EXERCISE DATA -
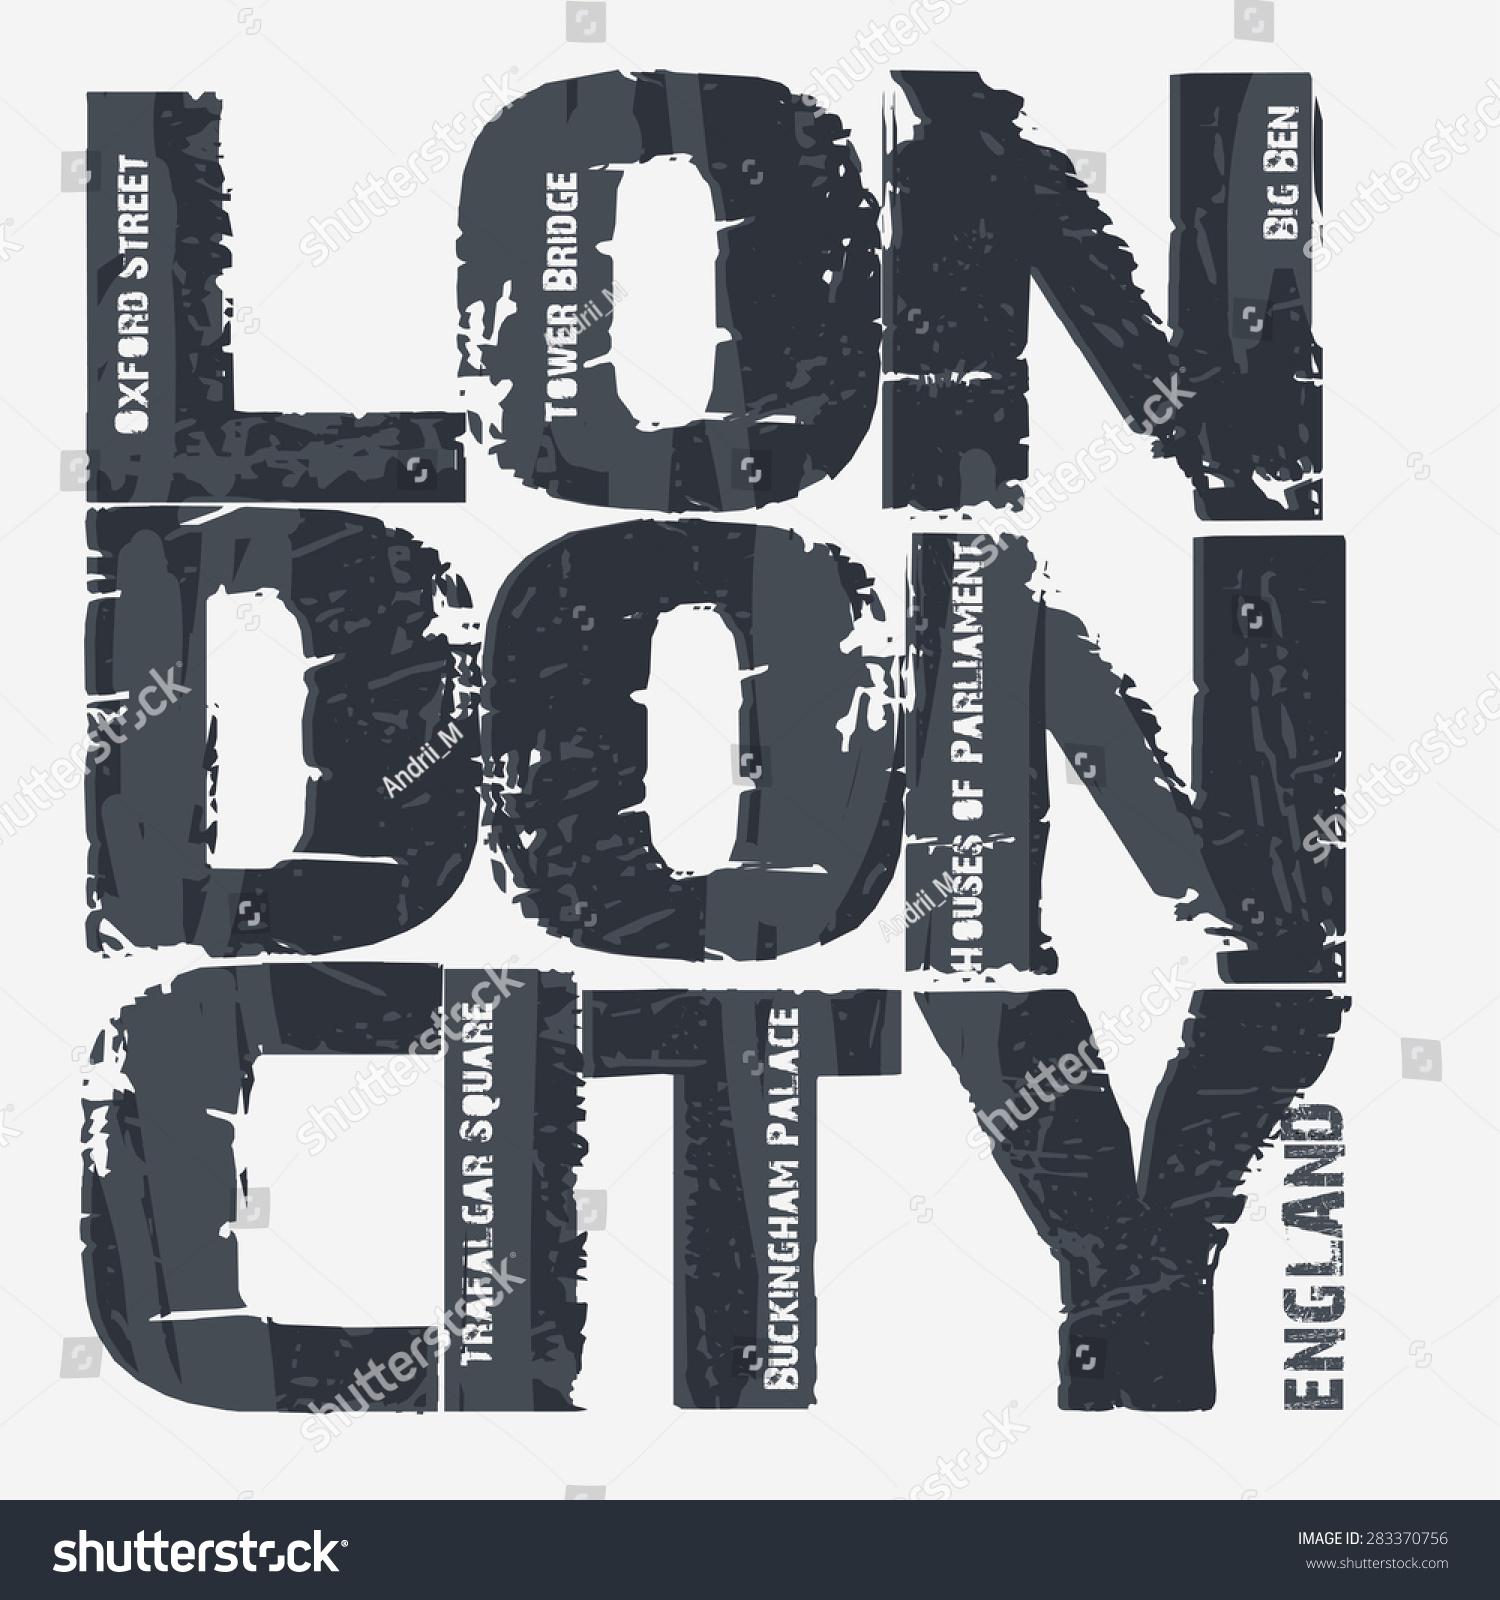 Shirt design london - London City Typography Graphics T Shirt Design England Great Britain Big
==
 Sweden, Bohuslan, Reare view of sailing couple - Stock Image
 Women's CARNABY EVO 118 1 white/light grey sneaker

PROBLEM DESCRIPTION -
Would you print exactly, and only, the lines of the data above from the line with "Sweden, Bohuslan, Reare" through the line with "Women's CARNABY EVO", inclusive?

WRITTEN REPLY -
 Sweden, Bohuslan, Reare view of sailing couple - Stock Image
 Women's CARNABY EVO 118 1 white/light grey sneaker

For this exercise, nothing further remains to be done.